Les particules fantômes, autrement connues sous le nom de neutrinos, sont littéralement partout: des milliards de particules, chacune d'elles n'ayant pratiquement aucune masse, traversent actuellement votre corps. Mais nous comprenons très peu sur le fonctionnement de ces particules. C'est une honte absolue, car ils pourraient être la clé pour expliquer certains des plus grands mystères de l'univers, y compris la raison pour laquelle il existe un univers.

Nous venons de faire un grand pas en avant pour répondre à ces questions. Dans une série de nouveaux articles publiés jeudi dans Science, une équipe de recherche internationale composée de centaines de personnes a annoncé avoir découvert des preuves des origines de ces minuscules particules insaisissables: des galaxies géantes de forme ovale appelées blazars. Les résultats ont permis de résoudre plus d'un siècle de travail en repérant ce qui pousse les particules subatomiques telles que les neutrinos en tant que rayons cosmiques de haute énergie dans l'espace.

«Nous observons des neutrinos cosmiques depuis 2013», explique Francis Halzen, physicien à l'Université de Wisconsin-Madison et scientifique principal de l'observatoire IceCube Neutrino, à l'origine des nouvelles découvertes. "Nous n'avions aucune idée d'où ils venaient."

La clé de cette dernière découverte consistait à essayer de comprendre à quels autres événements de haute énergie les neutrinos pourraient être associés. C'est là qu'intervient l'astronomie multi-messagers: l'étude d'événements astrophysiques à travers plusieurs signaux différents. Par exemple, si vous vouliez apprendre le plus possible sur une explosion de dynamite, vous ne feriez pas simplement un enregistrement avec votre téléphone. Vous souhaitez effectuer des observations dans différentes longueurs d'onde de la lumière, effectuer des enregistrements audio, etc. En astronomie, le terme multi-messager consiste à observer des signaux relatifs au rayonnement électromagnétique, aux ondes gravitationnelles, aux neutrinos et aux rayons cosmiques.

«Les neutrinos rappellent leurs sources», explique Halzen, «et nous avons donc essayé d'associer leurs directions d'arrivée à des sources connues, y compris des blazers. Cela n'a pas réussi jusqu'à ce que nous commencions cette campagne multi-messenger. ”
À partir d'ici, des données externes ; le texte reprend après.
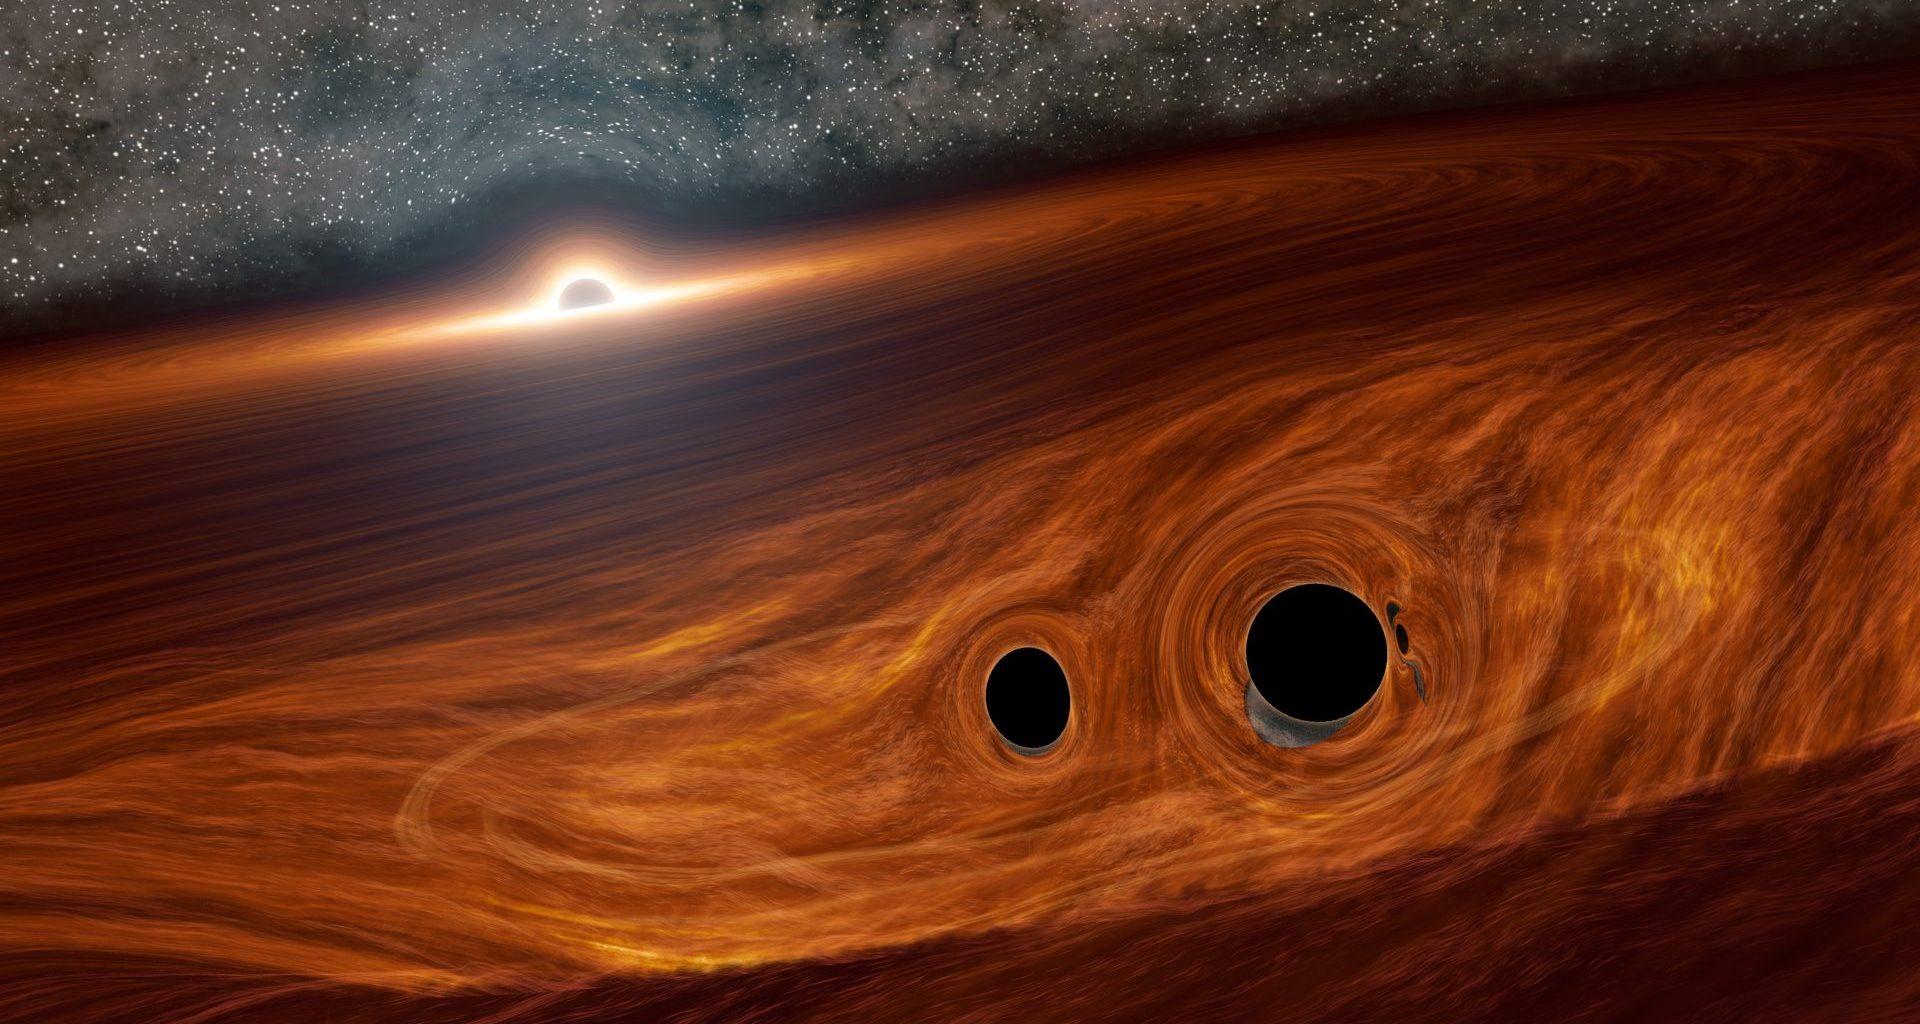 Astrónomos observan un raro evento de fusión de tres agujeros negros supermasivos

IceCube, un télescope de la taille d'un kilomètre situé sous un mile de glace dans le pôle sud, fonctionne depuis 2011 et utilise ses plusieurs milliers de capteurs pour observer près de 100 000 neutrinos par an. Son but explicite est de trouver des neutrinos, proches ou lointains (et dans le cas de cette dernière observation, très loin). C'est un observatoire puissant pour le suivi des particules élémentaires, mais si nous essayons de connecter des neutrinos à d'autres signaux afin de trouver le point d'origine, nous devons nous tourner vers d'autres instruments d'aide.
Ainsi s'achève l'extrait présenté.